** GIVEN DATA follows **

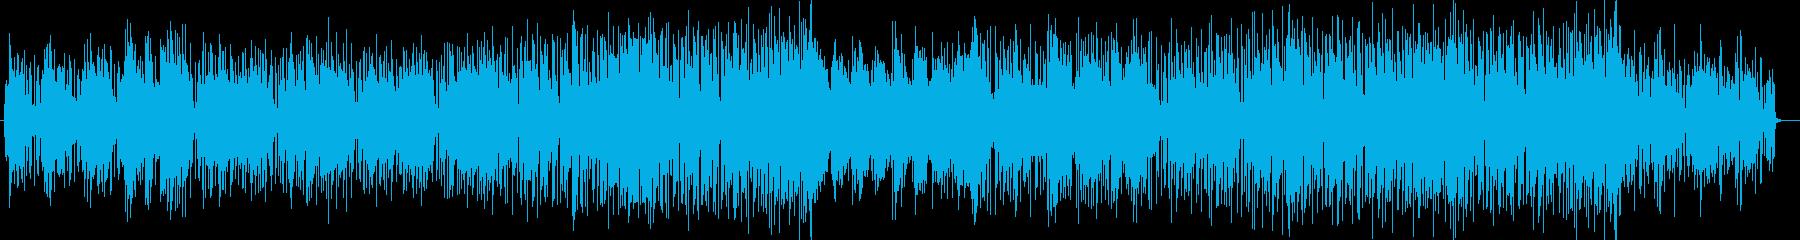 ゆったりと穏やかなポップバラードの再生済みの波形
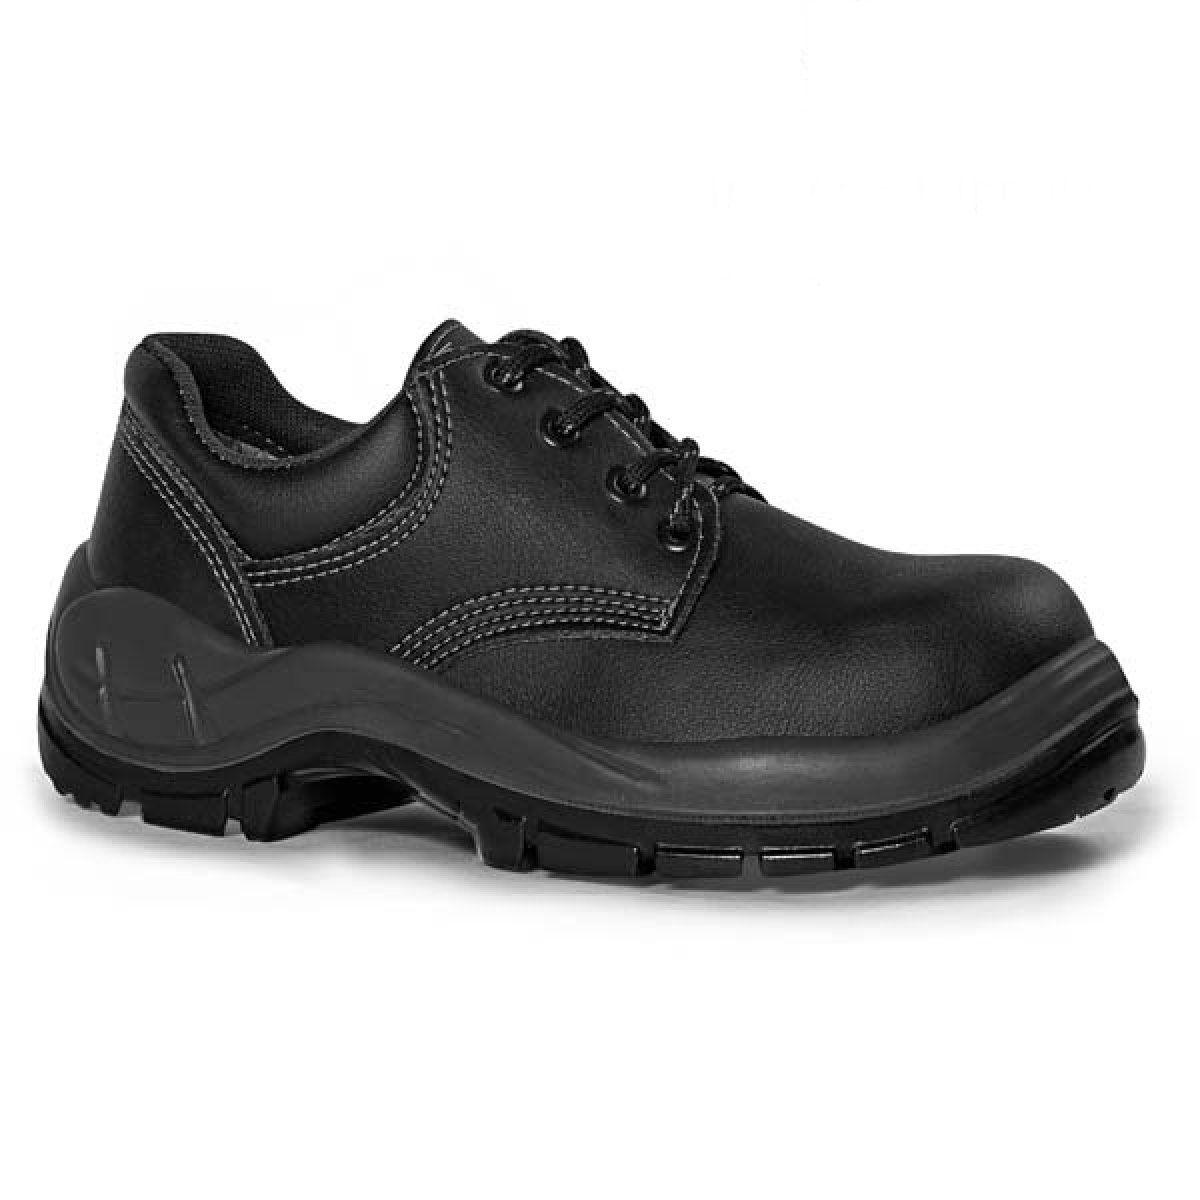 Sapato c/ Cadarço Bidensidade s/ Bico de Aço Preto N°35 - BRACOL
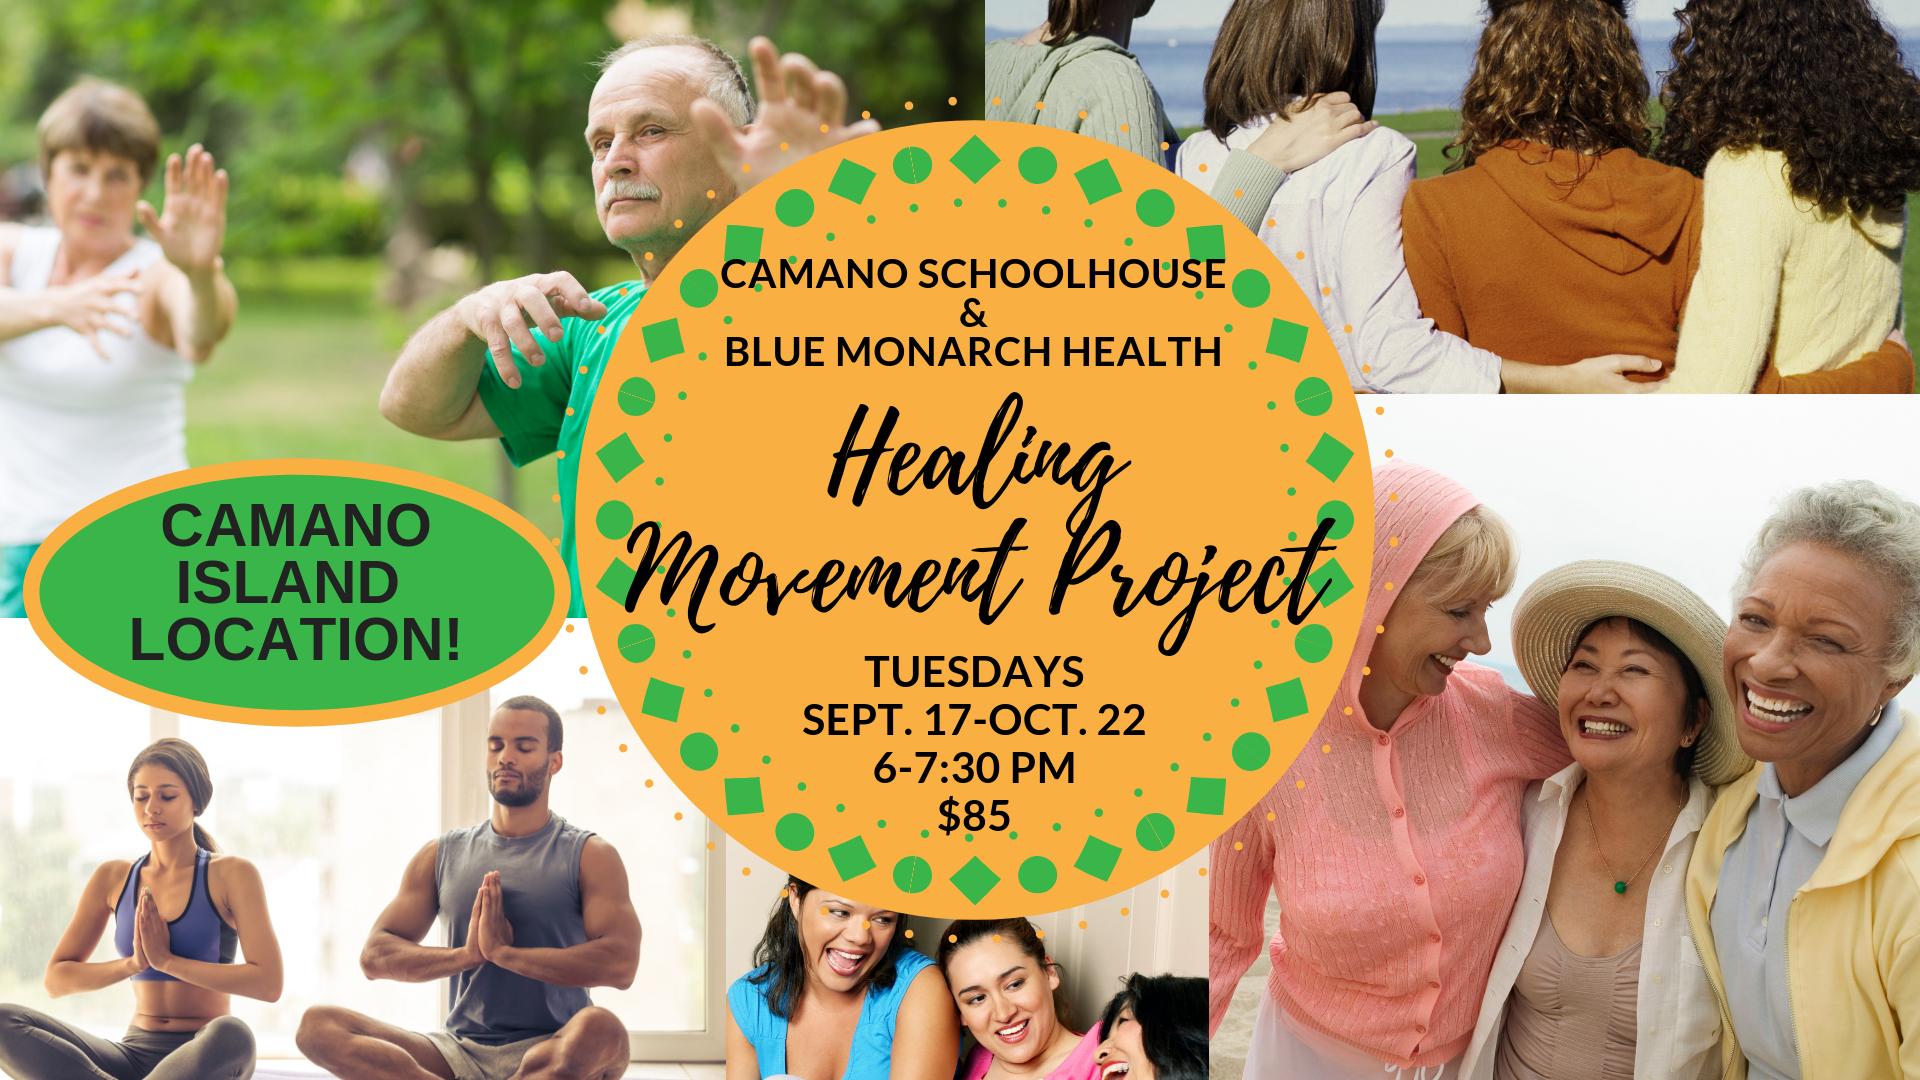 Healing Movement Project Camano.png
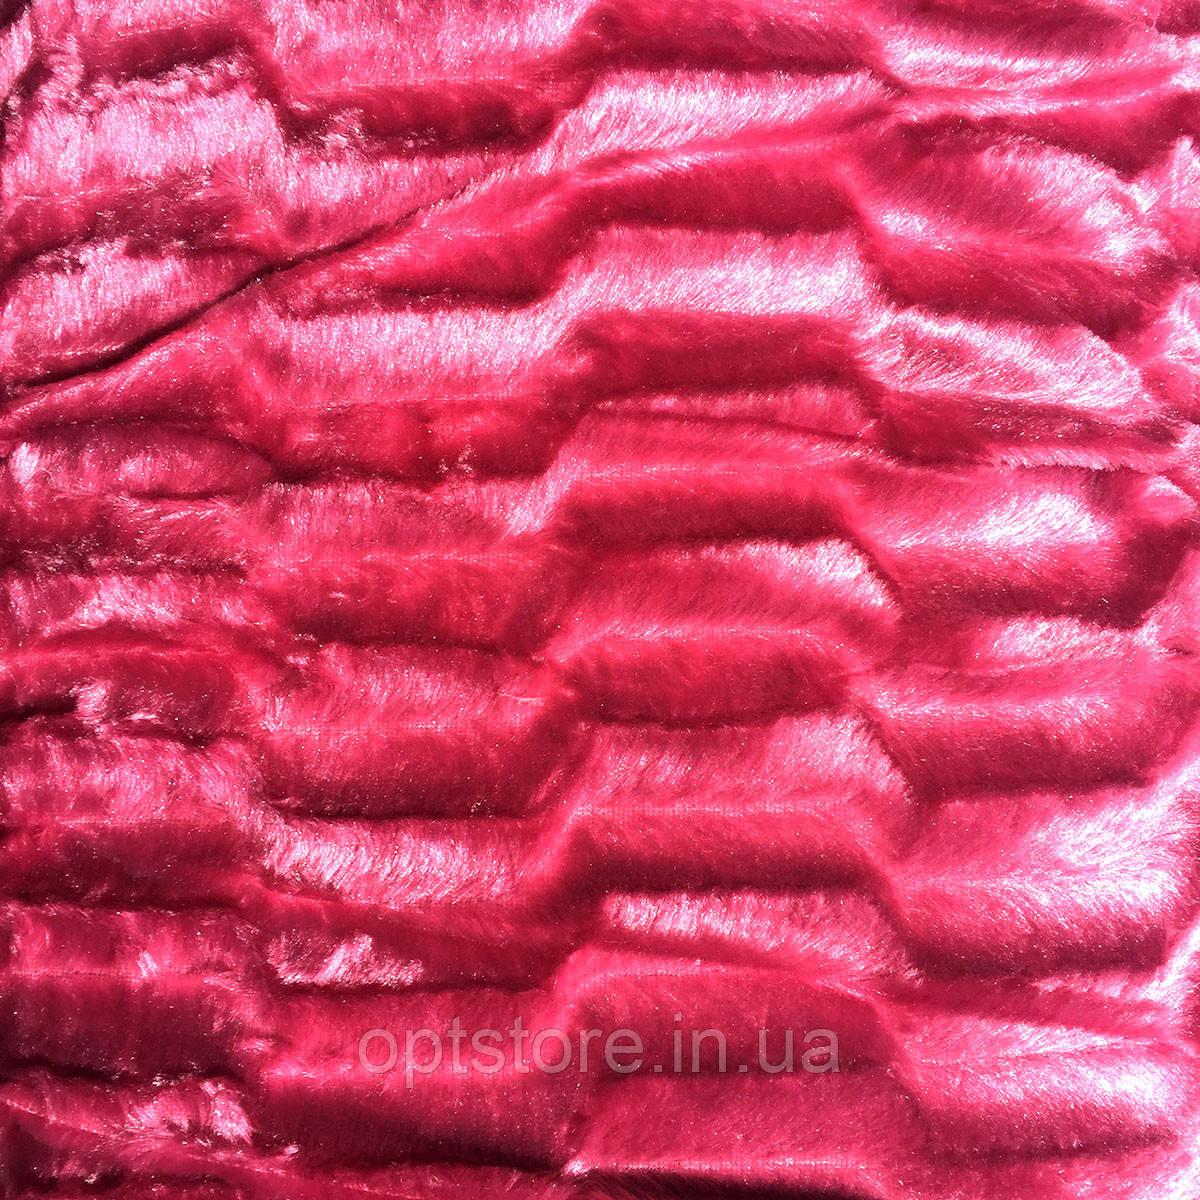 """Плед """"норка"""" рожевий євро розмір 220/240, мікрофібра"""
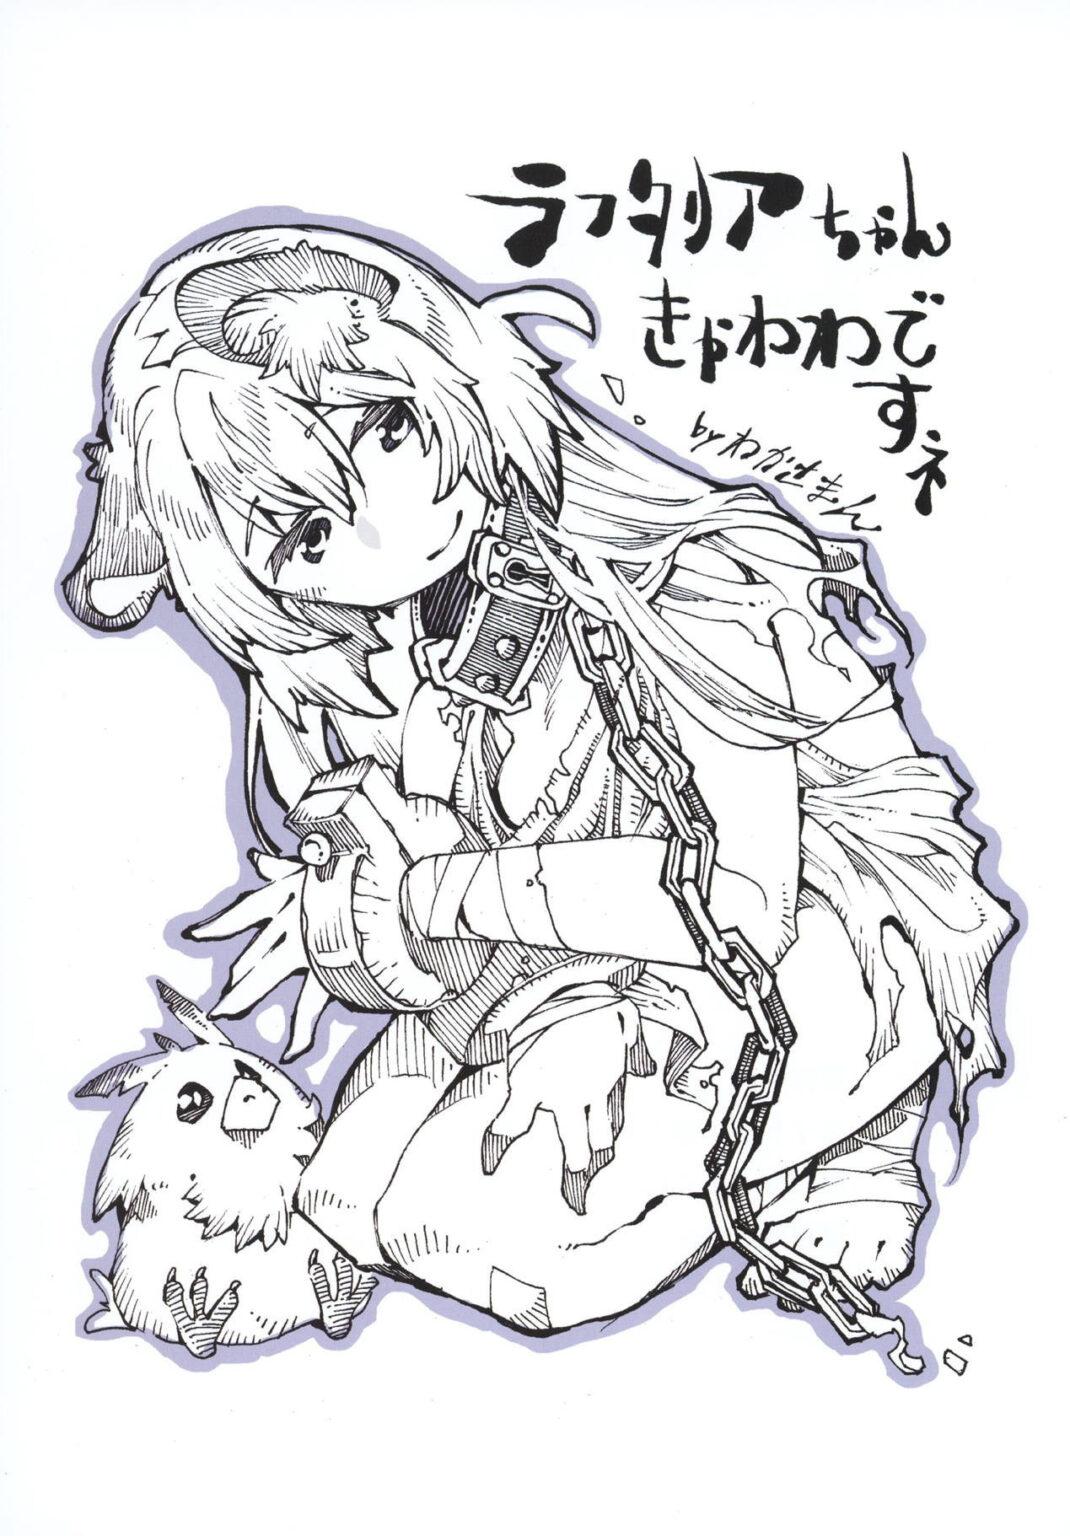 TATE no Yuusha no Fukushuu

** End of GIVEN DATA **

Return exactly the lines running from the line with "Sapato c/ Cadarço" through the final line of the listing. Leave the pictures out.

 Sapato c/ Cadarço Bidensidade s/ Bico de Aço Preto N°35 - BRACOL
 Healing Movement Project Camano.png
 """Плед """"норка"""" рожевий євро розмір 220/240, мікрофібра"""
 TATE no Yuusha no Fukushuu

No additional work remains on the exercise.